**INSTRUCTIONS FOR THE TASK:**
Please set down only the lines between the line containing "Dihope Femme Tongs" and the end of the records, inclusive, exactly as they stand.

**DATA:**

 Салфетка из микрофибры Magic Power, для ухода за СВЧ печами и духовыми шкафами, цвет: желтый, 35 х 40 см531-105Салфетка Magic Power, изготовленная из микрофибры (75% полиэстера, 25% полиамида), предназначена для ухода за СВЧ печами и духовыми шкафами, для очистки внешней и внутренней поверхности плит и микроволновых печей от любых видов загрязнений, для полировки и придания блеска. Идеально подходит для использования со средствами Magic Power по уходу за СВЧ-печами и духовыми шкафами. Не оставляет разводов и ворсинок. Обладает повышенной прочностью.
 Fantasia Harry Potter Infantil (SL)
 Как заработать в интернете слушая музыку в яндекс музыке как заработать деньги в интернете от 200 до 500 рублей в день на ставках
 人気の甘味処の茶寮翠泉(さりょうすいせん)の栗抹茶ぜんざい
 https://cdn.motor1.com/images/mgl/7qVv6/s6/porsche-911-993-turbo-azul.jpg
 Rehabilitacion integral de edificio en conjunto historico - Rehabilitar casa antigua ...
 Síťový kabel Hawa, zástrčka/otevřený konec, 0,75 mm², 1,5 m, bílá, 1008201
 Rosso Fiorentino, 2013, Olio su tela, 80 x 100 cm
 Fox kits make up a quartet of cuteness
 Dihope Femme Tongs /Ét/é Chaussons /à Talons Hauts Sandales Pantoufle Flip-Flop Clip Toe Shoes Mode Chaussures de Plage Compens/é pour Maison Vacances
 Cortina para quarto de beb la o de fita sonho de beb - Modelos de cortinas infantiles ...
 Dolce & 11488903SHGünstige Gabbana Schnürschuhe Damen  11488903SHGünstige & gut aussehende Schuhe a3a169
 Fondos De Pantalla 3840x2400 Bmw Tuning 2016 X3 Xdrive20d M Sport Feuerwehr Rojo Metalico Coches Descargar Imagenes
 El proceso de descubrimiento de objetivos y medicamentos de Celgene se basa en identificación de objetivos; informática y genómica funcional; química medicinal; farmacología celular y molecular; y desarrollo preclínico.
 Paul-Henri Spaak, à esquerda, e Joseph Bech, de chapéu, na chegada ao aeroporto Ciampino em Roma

**SOLUTION TO THIS TASK:**
 Dihope Femme Tongs /Ét/é Chaussons /à Talons Hauts Sandales Pantoufle Flip-Flop Clip Toe Shoes Mode Chaussures de Plage Compens/é pour Maison Vacances
 Cortina para quarto de beb la o de fita sonho de beb - Modelos de cortinas infantiles ...
 Dolce & 11488903SHGünstige Gabbana Schnürschuhe Damen  11488903SHGünstige & gut aussehende Schuhe a3a169
 Fondos De Pantalla 3840x2400 Bmw Tuning 2016 X3 Xdrive20d M Sport Feuerwehr Rojo Metalico Coches Descargar Imagenes
 El proceso de descubrimiento de objetivos y medicamentos de Celgene se basa en identificación de objetivos; informática y genómica funcional; química medicinal; farmacología celular y molecular; y desarrollo preclínico.
 Paul-Henri Spaak, à esquerda, e Joseph Bech, de chapéu, na chegada ao aeroporto Ciampino em Roma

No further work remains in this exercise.